Map adjacent talent pools for this hiring search. Core role: [ROLE]. Essential capabilities: [ESSENTIAL CAPABILITIES]. Industries or environments that transfer well: [TRANSFERABLE BACKGROUNDS]. Non-negotiable constraints: [CONSTRAINTS]. Return a table of 6 to 10 adjacent titles, why each transfers, expected skill gaps, and an inclusive Boolean OR group for each cluster. Do not assume a title proves competence. Do not use demographic or prestige signals. Ask up to 3 questions only if a required input is missing. Check that every suggested pool can plausibly meet the essential capabilities without retraining beyond the role’s scope.
Search calibration
Use after an initial Boolean search returns weak or noisy results.

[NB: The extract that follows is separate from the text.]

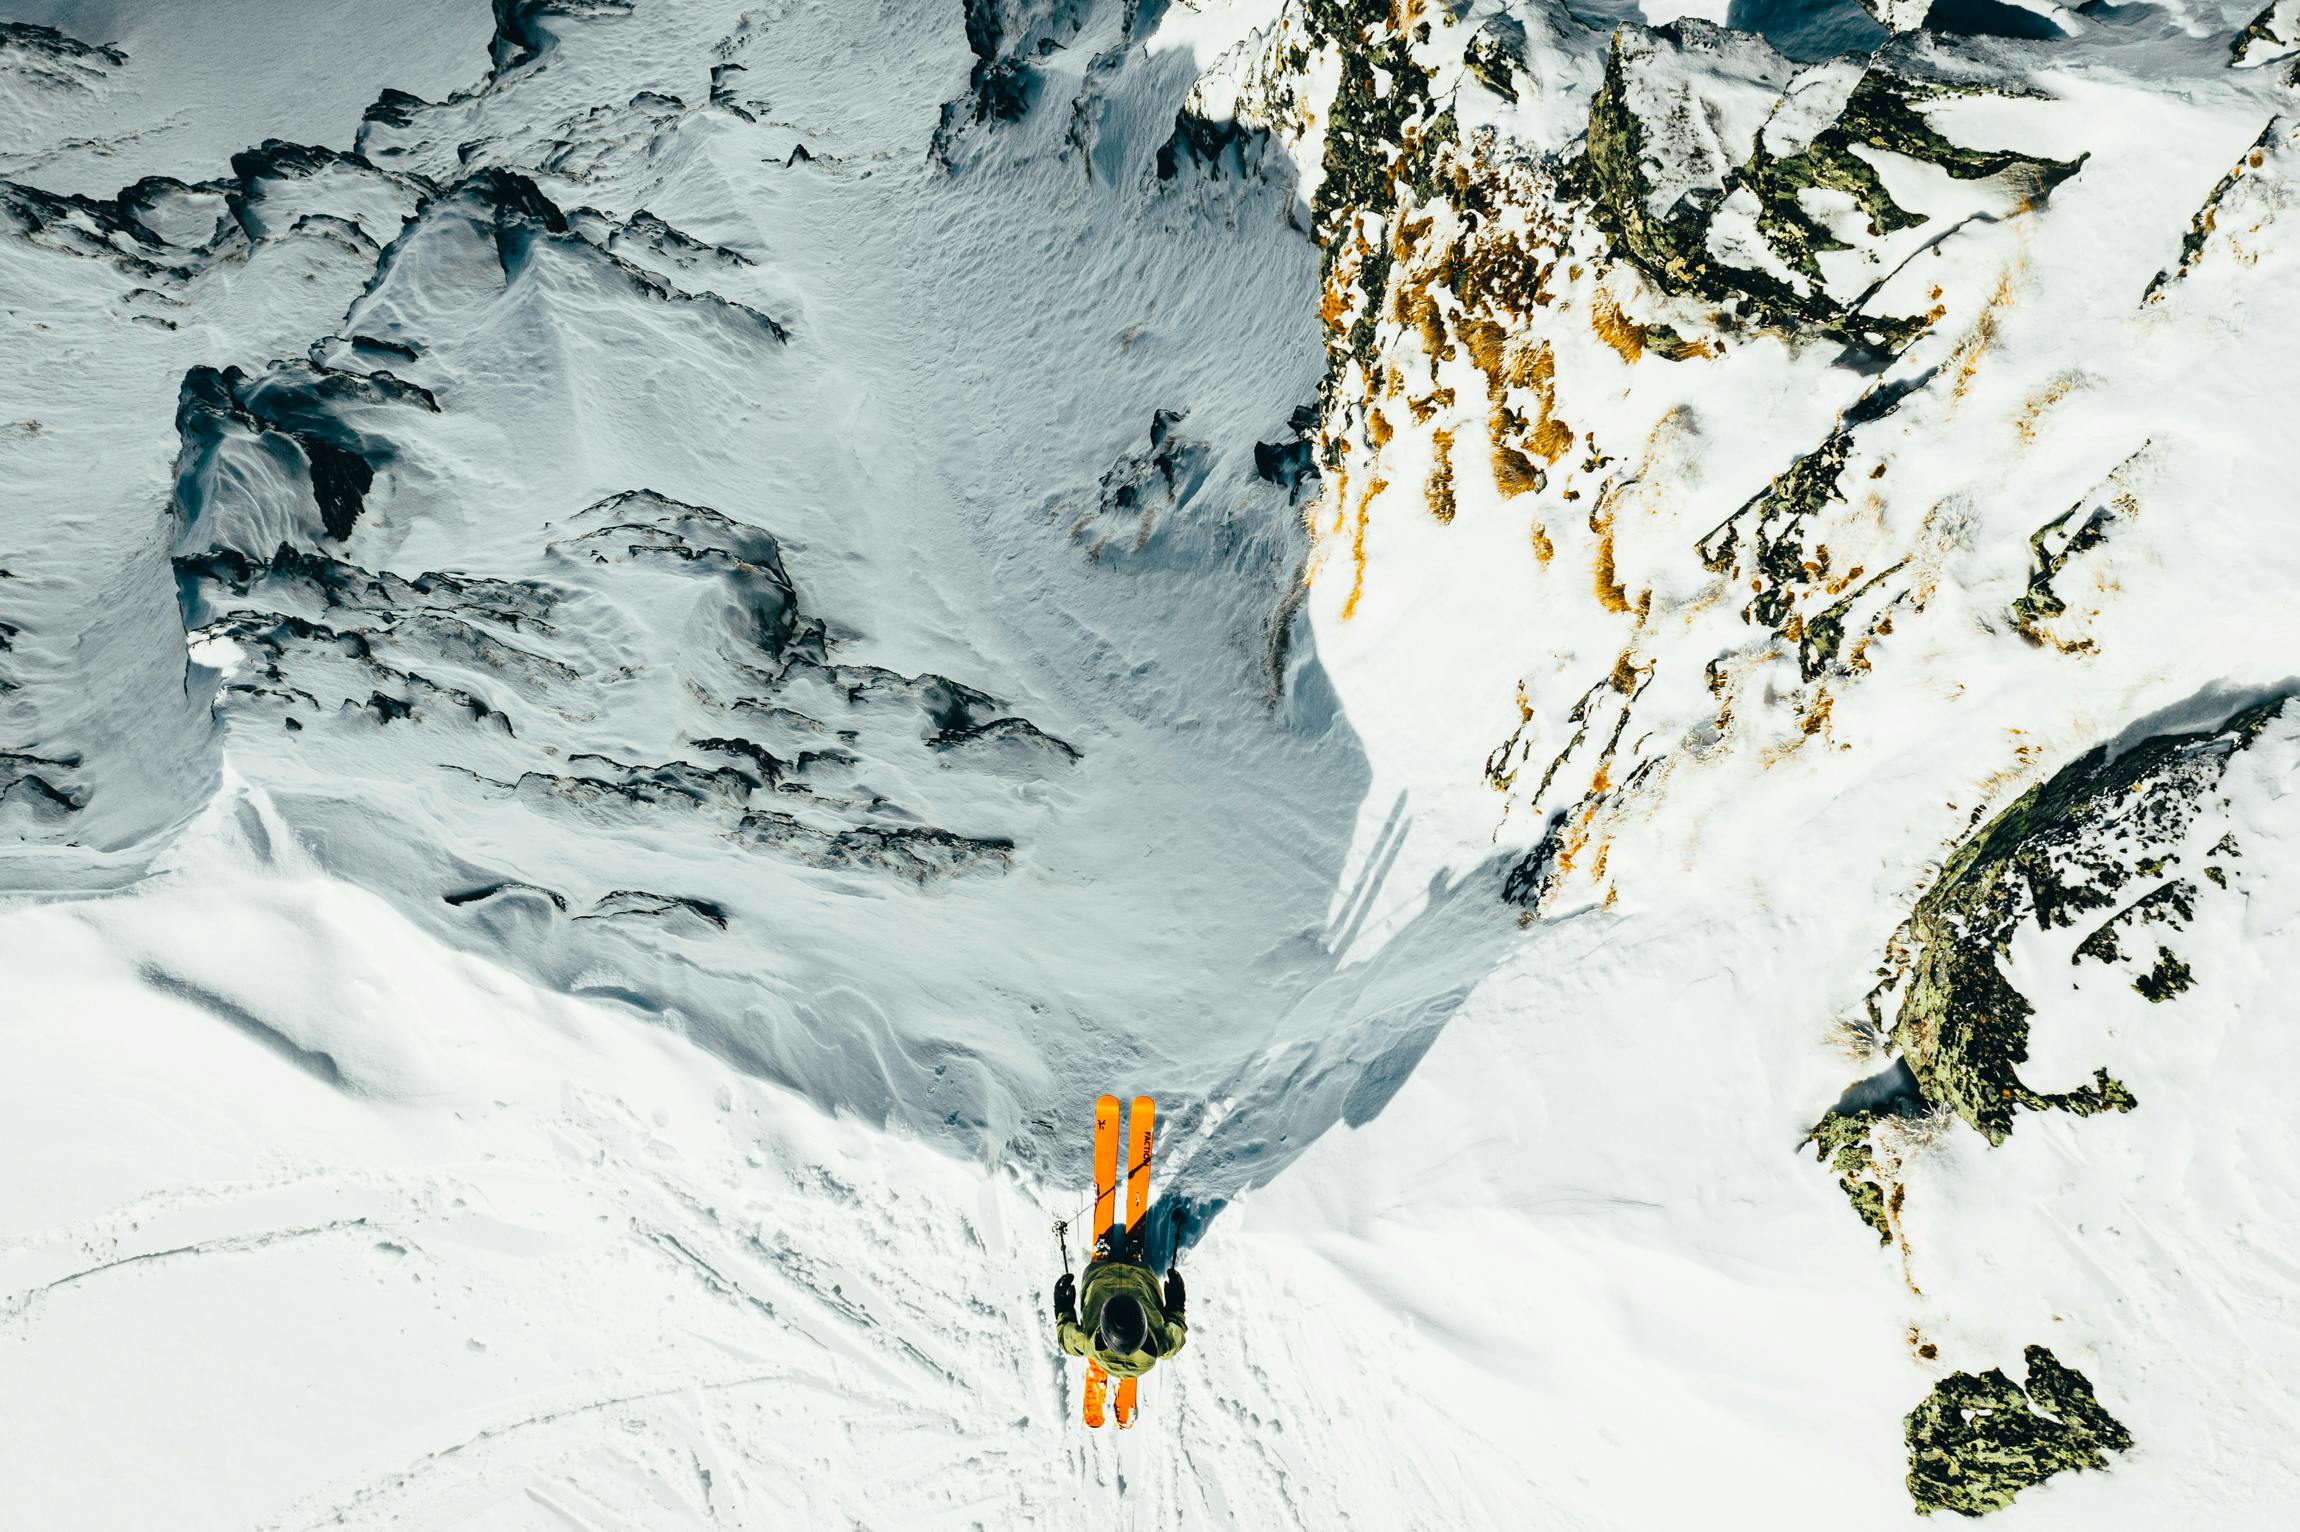 A skier on the edge of a snowy precipice

Improve this Boolean search based on actual results while preserving our approved criteria. Approved requirements: [APPROVED CRITERIA]. Current search: [CURRENT BOOLEAN]. Sample of relevant and irrelevant results: [RESULT SAMPLE]. Platform: [PLATFORM]. Diagnose which terms cause false positives, which valid titles are missing, and propose a revised search plus a change log. Keep preferences separate from must-haves and use only job-related language. Ask up to 3 questions only if required. Self-check that each change is tied to evidence from the result sample and that no new exclusion contradicts the approved criteria.
Tips
- Build the search around demonstrated capabilities and common job titles, then verify specifics in profiles rather than assuming a title guarantees skill.
- Use a high-precision string for urgent outreach and a broad-recall string for market mapping; one query rarely serves both jobs.
- Test synonyms on a small result set before adding them, because terms such as “analyst” or “engineer” often pull unrelated functions.
FAQ
Should every preferred skill go in the Boolean string?
Usually no. Adding every preference can cut out qualified people. Use preferences as a secondary filter or a separate high-precision version.
Can I search by university or graduation year?
Those filters can introduce unfair or policy-prohibited proxies. Use demonstrated job-related experience and skills instead.